Dana Sue opened her mouth, but before she could speak, Helen was between them. “What is wrong with you?” she demanded. “She’s upset enough without you getting in her face.”
Despite his frustration, Ronnie backed off at once. “You’re right. I’m sorry. I just want to know what’s going on.”
“We all do,” Helen told him.
“Well, maybe I can get some answers you haven’t been able to get,” he said.
Ignoring Helen’s skeptical look and Dana Sue’s shattered expression, he stalked over to the desk and demanded to speak to a doctor.

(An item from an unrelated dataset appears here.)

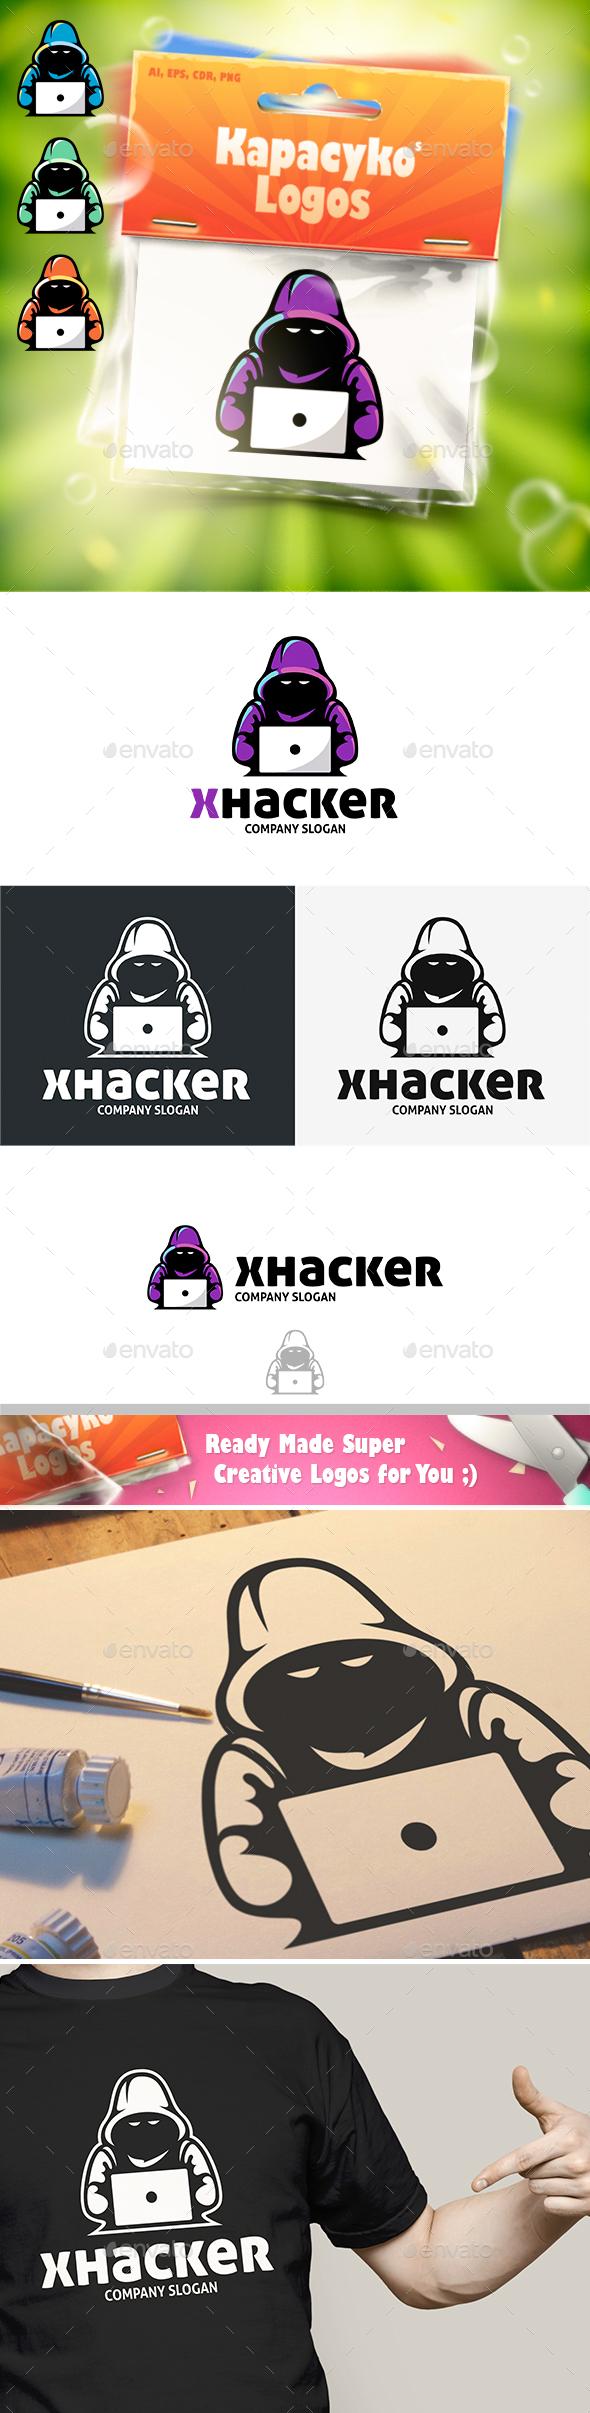 X Hacker Logo

“He’ll be out as soon as he’s able,” the nurse told him, her expression so grim that another wave of panic washed over him.
“Isn’t there something you can tell me?” he pleaded. “That’s my daughter in there.”
“I’m sorry,” the nurse said. “If I knew anything, I’d tell you.”
“How long will it be before the doctor comes out?”
“That depends on how your daughter is responding to treatment. She’s his first priority right now.”
“Of course,” Ronnie said, backing down, but wanting to scream in frustration.
Maddie appeared beside him. “Why don’t we go get coffee for everyone?” she suggested. “It’s going to be a long night.”
He started to snap that he didn’t want coffee, he wanted answers, but stopped himself before he could utter the words. They all wanted answers.
“Sure,” he said at last, then cast one last look at his ex-wife. “Maybe I should stay with Dana Sue.”
“Give her a little time,” Maddie said. “She’s dealing with a lot of conflicting emotions right now.”
“And I’m not?” he retorted sharply, then winced. “Sorry.”
She smiled. “You don’t need to apologize to me,” she told him. “But you might want to work on a really, really good one for Dana Sue. Despite what happened a few minutes ago when she threw herself into your arms, she’s still not in a forgiving mood.”